NASA satellite of the Explorer program

The Cosmic Background Explorer (COBE /ˈkoʊbi/ KOH-bee), also referred to as Explorer 66, was a NASA satellite dedicated to cosmology, which operated from 1989 to 1993. Its goals were to investigate the cosmic microwave background radiation (CMB or CMBR) of the universe and provide measurements that would help shape the understanding of the cosmos.
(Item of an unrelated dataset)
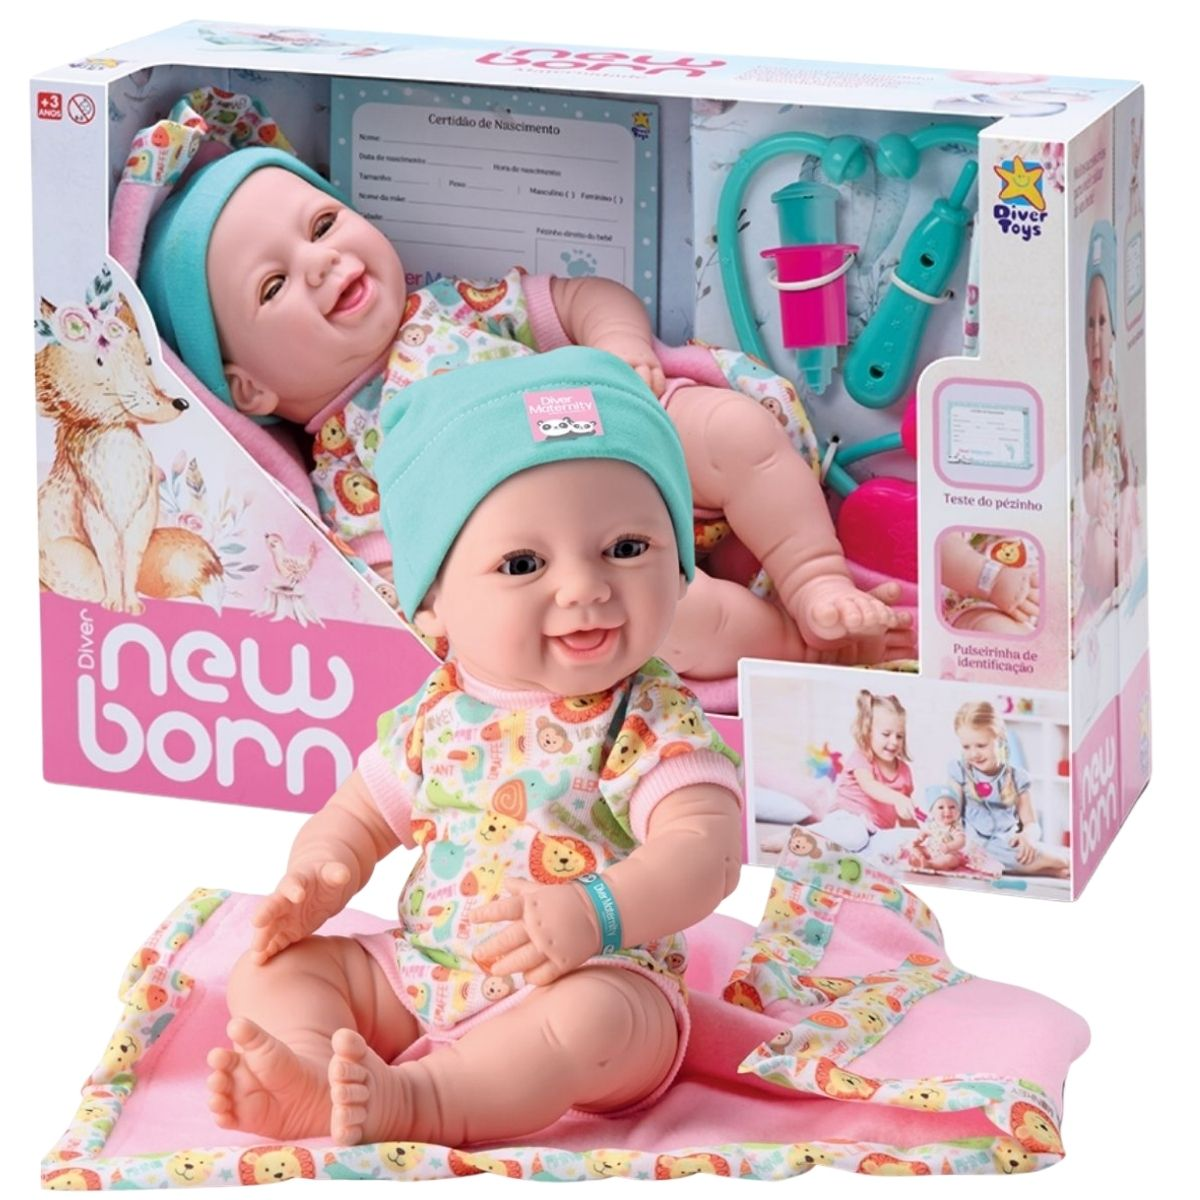 Boneca Bebe New Born Reborn Maternidade Abre E Fecha Olhos Divertoys
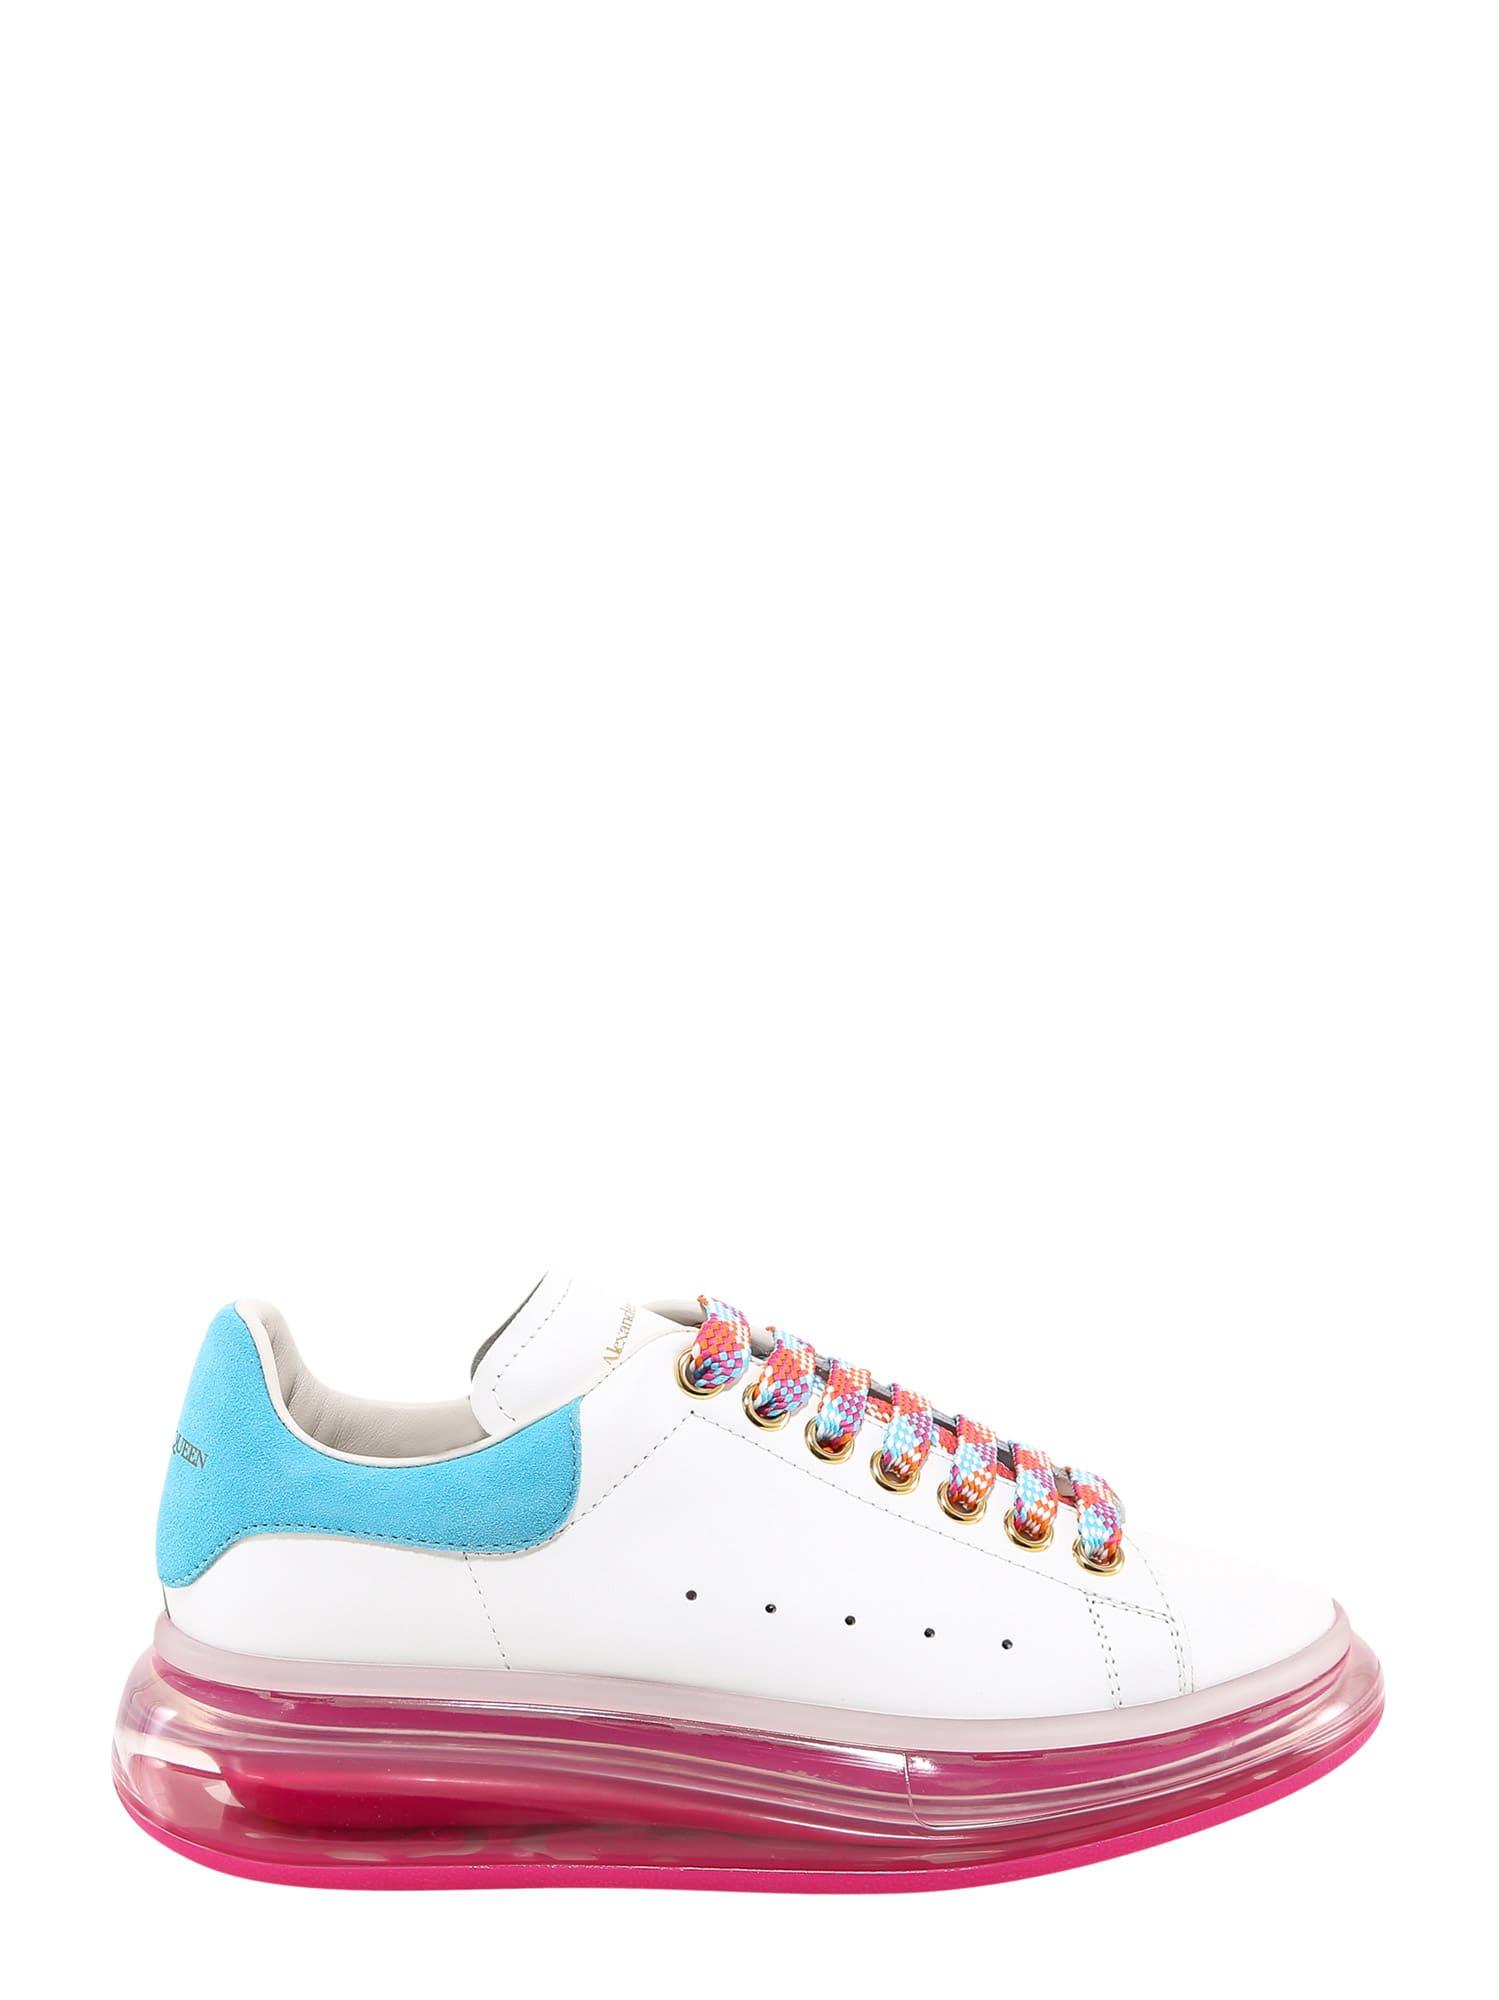 Buy Alexander McQueen Big Sole Sneakers online, shop Alexander McQueen shoes with free shipping

COBE's measurements provided two key pieces of evidence that supported the Big Bang theory of the universe: that the CMB has a near-perfect black-body spectrum, and that it has very faint anisotropies. Two of COBE's principal investigators, George F. Smoot III and John C. Mather, received the Nobel Prize in Physics in 2006 for their work on the project. According to the Nobel Prize committee, "the COBE project can also be regarded as the starting point for cosmology as a precision science".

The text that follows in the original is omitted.